Ryan Dyck, label manager at Mint Records, points out that, even though mail orders have remained fairly consistent throughout lockdown, this hasn't made up for the lost sales at the merch table during live shows. With many fans out of work (or worried about losing their jobs), handing over money for vinyl isn't always possible. And as for the reduced streaming numbers, that's easily explained.

"I think a lot of people listen to new music on their commutes, which are no longer happening," Dyck says. "Also all the stores and restaurants that would be streaming music all day are not open, so there are a lot of inactive accounts."

Peter Carruthers, a marketing coordinator at Arts & Crafts, concurs.

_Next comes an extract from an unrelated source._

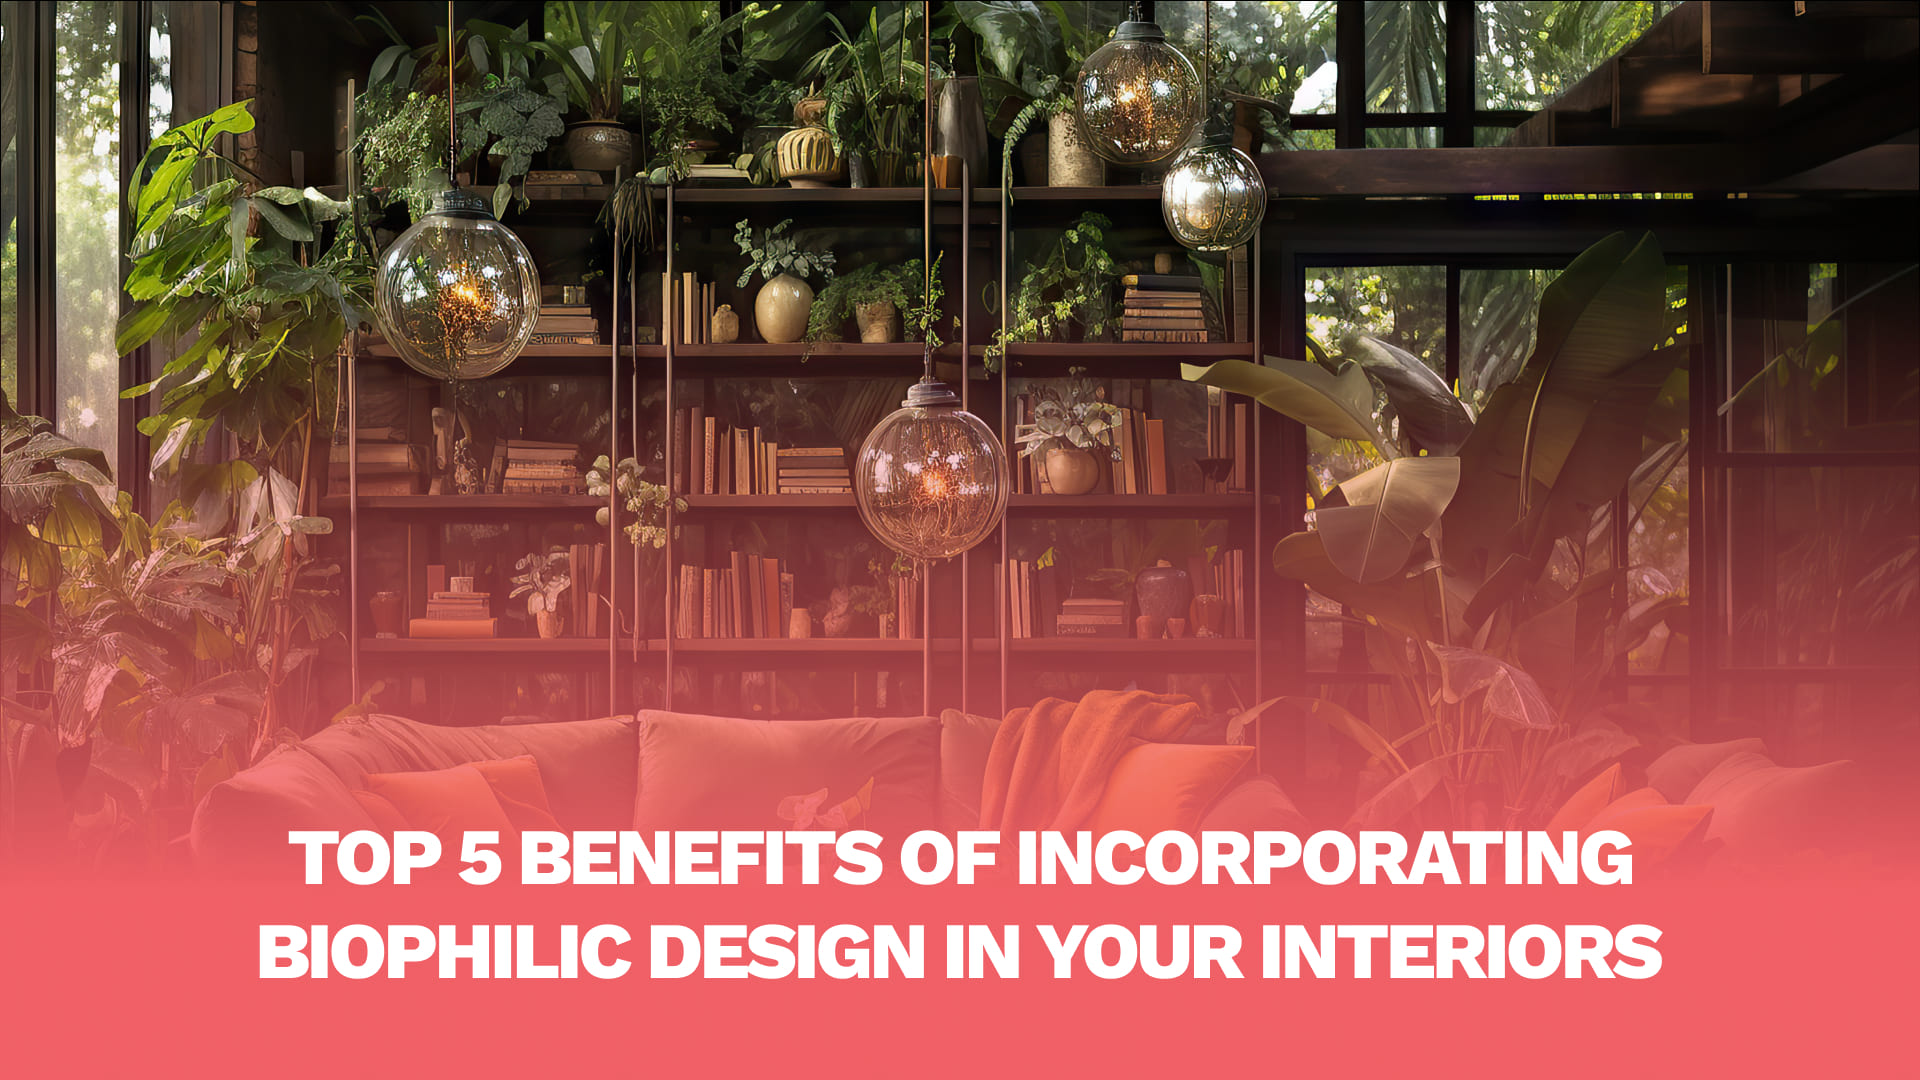 Top 5 Benefits of Incorporating Biophilic Design in Your Interiors

"We're especially aware of the fact that music is now more than ever competing directly with Netflix, Hulu, Crave and cable TV for people's attention," he says. On the bright side, however, "Some analysis is showing an increase in radio listening, so that may play into some strategy shifts in the next few months as well."

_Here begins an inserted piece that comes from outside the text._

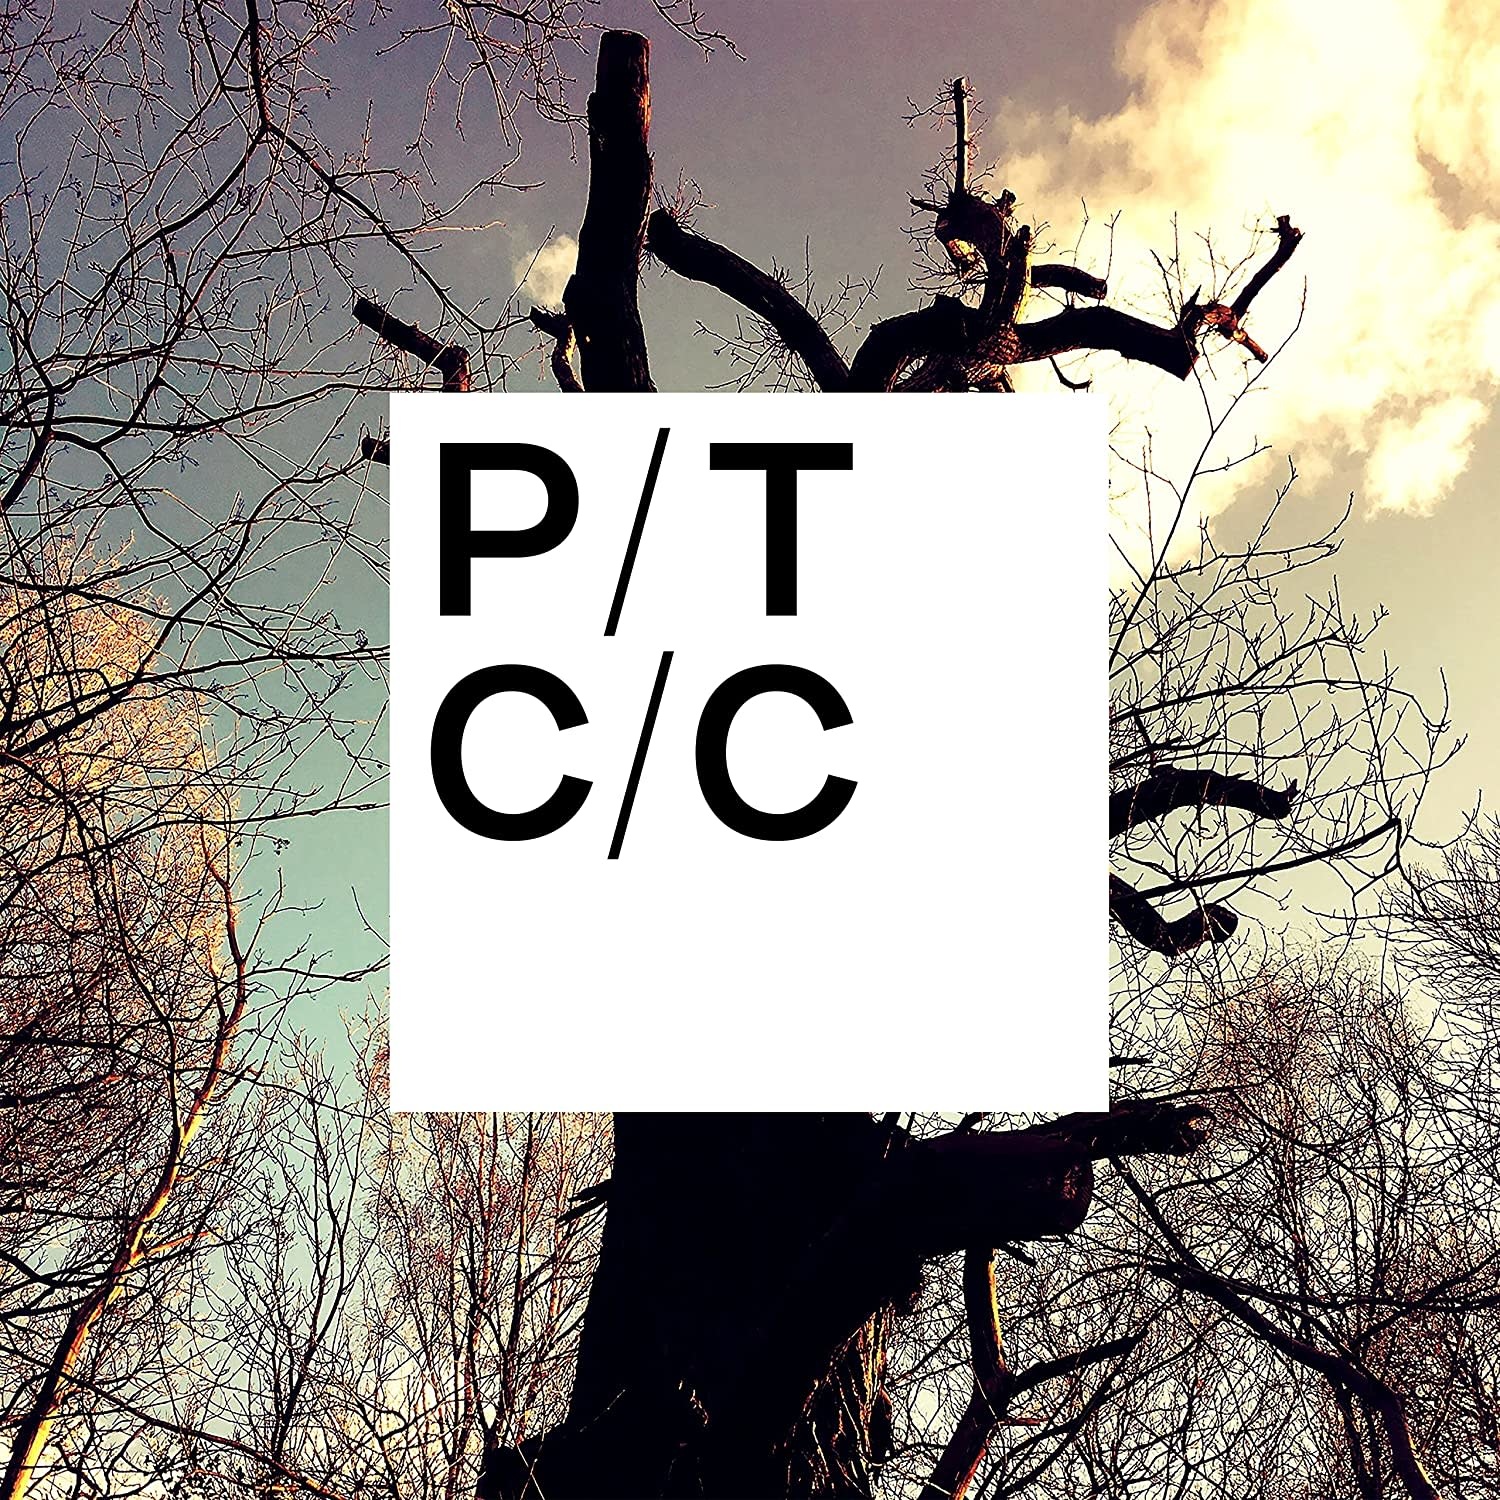 Porcupine Tree – Closure / Continuation

Everyone Exclaim! spoke to for this piece agreed that livestreaming presents new opportunities for artists to interact with fans. It's not a one-size-fits-all replacement for concerts, however; Dyck points out that most Mint artists are loud rock bands whose live shows don't translate well into acoustic livestreams. And while fan interaction is all well and good, social media engagement alone doesn't put food on the table.

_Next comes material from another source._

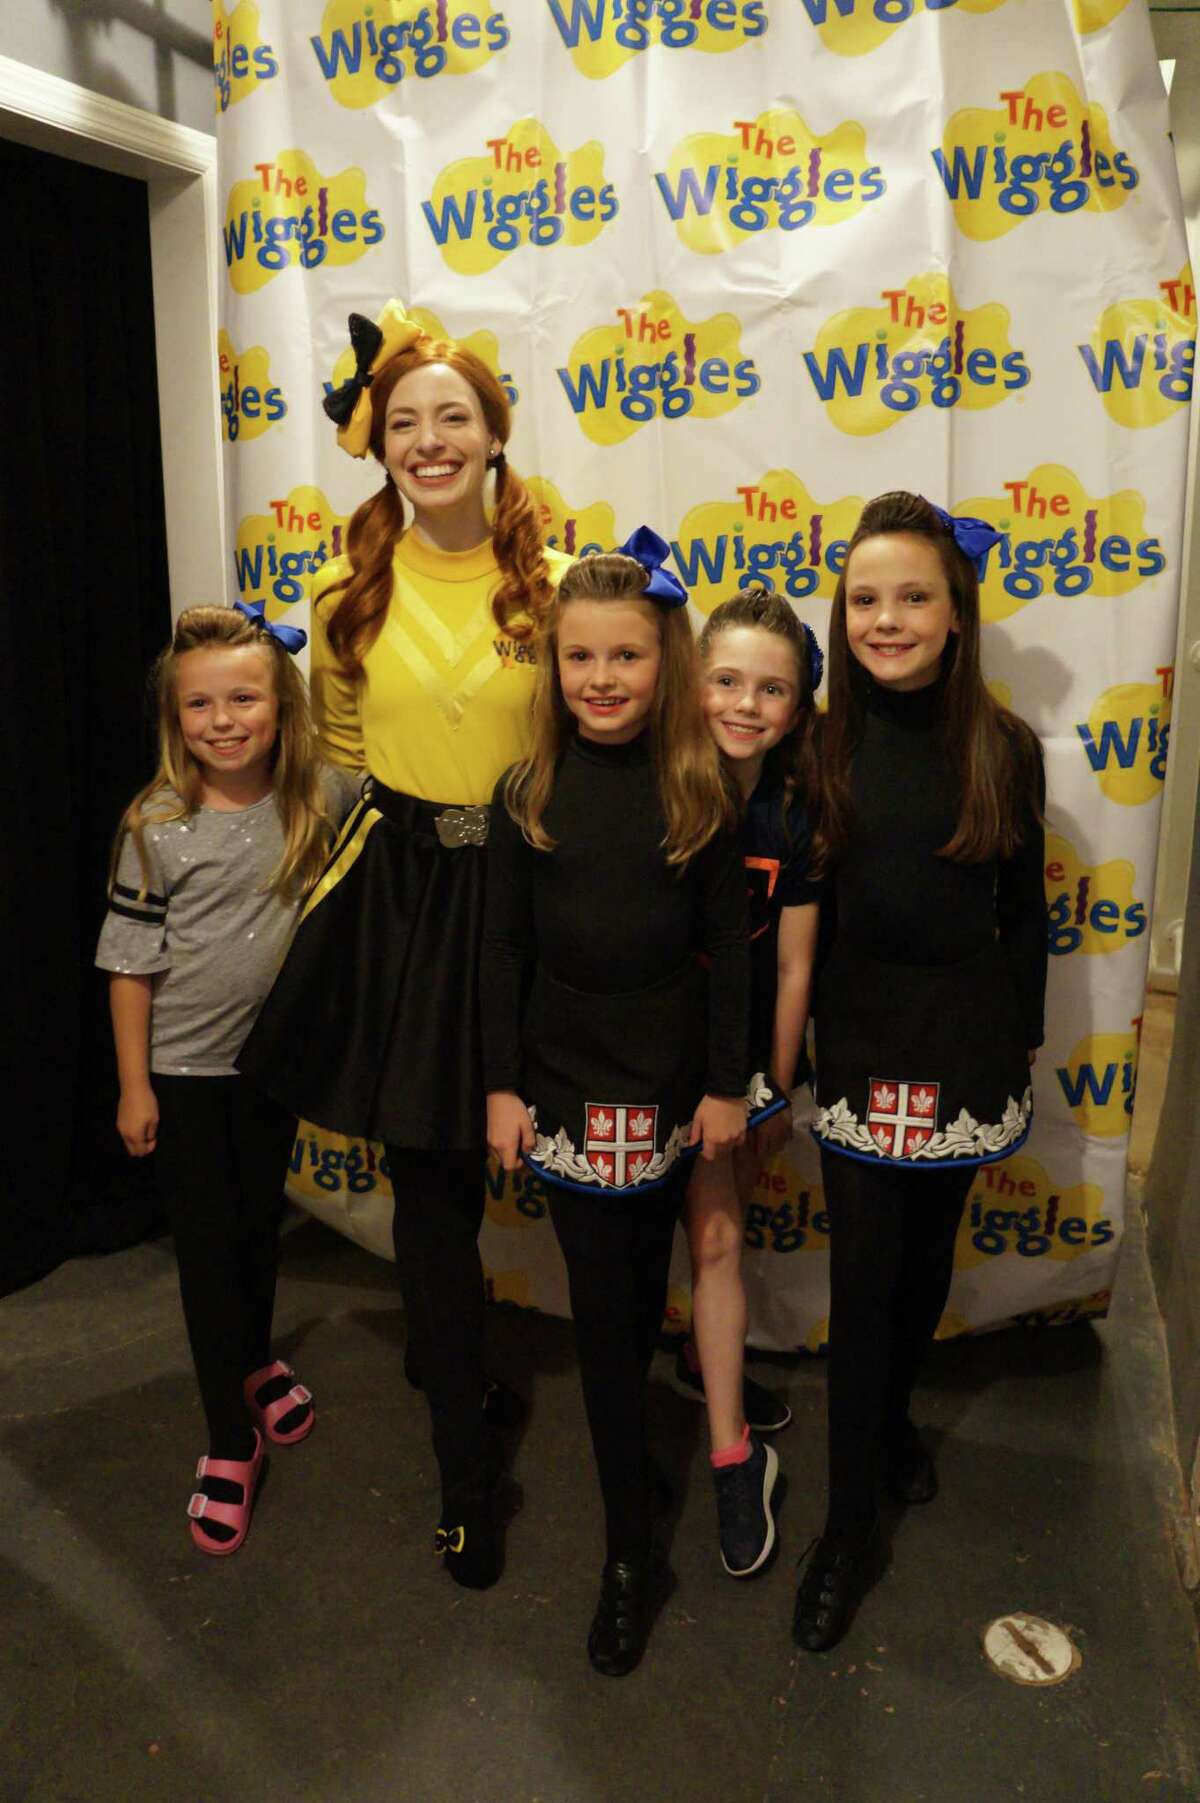 Emma Wiggle with Ashurst Academy dancers Vivian Eaton (Newtown), Caroline Morneau (Danbury), Lucy Lowman (Ridgefield) and Adeline Gibowicz (Danbury)

"For now, it seems like there is lots of excitement about livestreaming video concerts, but I honestly don't know how long this will last," Carruthers concedes. "I've long been a proponent of livestreaming as an untapped revenue stream. Over time I think you'll see an increase in donation buttons and various versions of a paywall — Side Door, Twitch subscriptions — as artists come up against the need for direct cash influxes."

Artists and record labels alike are having to juggle their release schedules and re-strategize about how and when to release albums. But even if right now might not be the optimal time to release your new masterpiece, it just might be the perfect opportunity to share some B-sides and rarities. Sales and streams can provide some income in the short term, and fostering fan loyalty can pave the way for a successful post-coronavirus career. Artists like Cloud Nothings, Eleanor Friedberger and the Mountain Goats have all spontaneously released raw recordings for their fans within the past couple of weeks.

"There are lots of reasons you might want to delay a full album release, but if you have B-sides or alternate versions of your already released music, now is a great time to put those out," Carruthers says. "These are special and precious things to your fans; it may be just your biggest fans who listen, but that's who is most important. People need joy in their lives, and music brings great joy to many. I think that, right now, music can be a great escape from this waking nightmare and a welcome break from the endless pandemic news coverage."

And that's the one thing that all labels, artists and fans can agree on. The financial outlook for many musicians is grim, but finding joy in Canada's music community is more important than ever.

"Things have changed slightly in our strategy," says Miller about the Pack A.D.'s plans, "but we know that people need music and art and something to look forward to, more than ever before."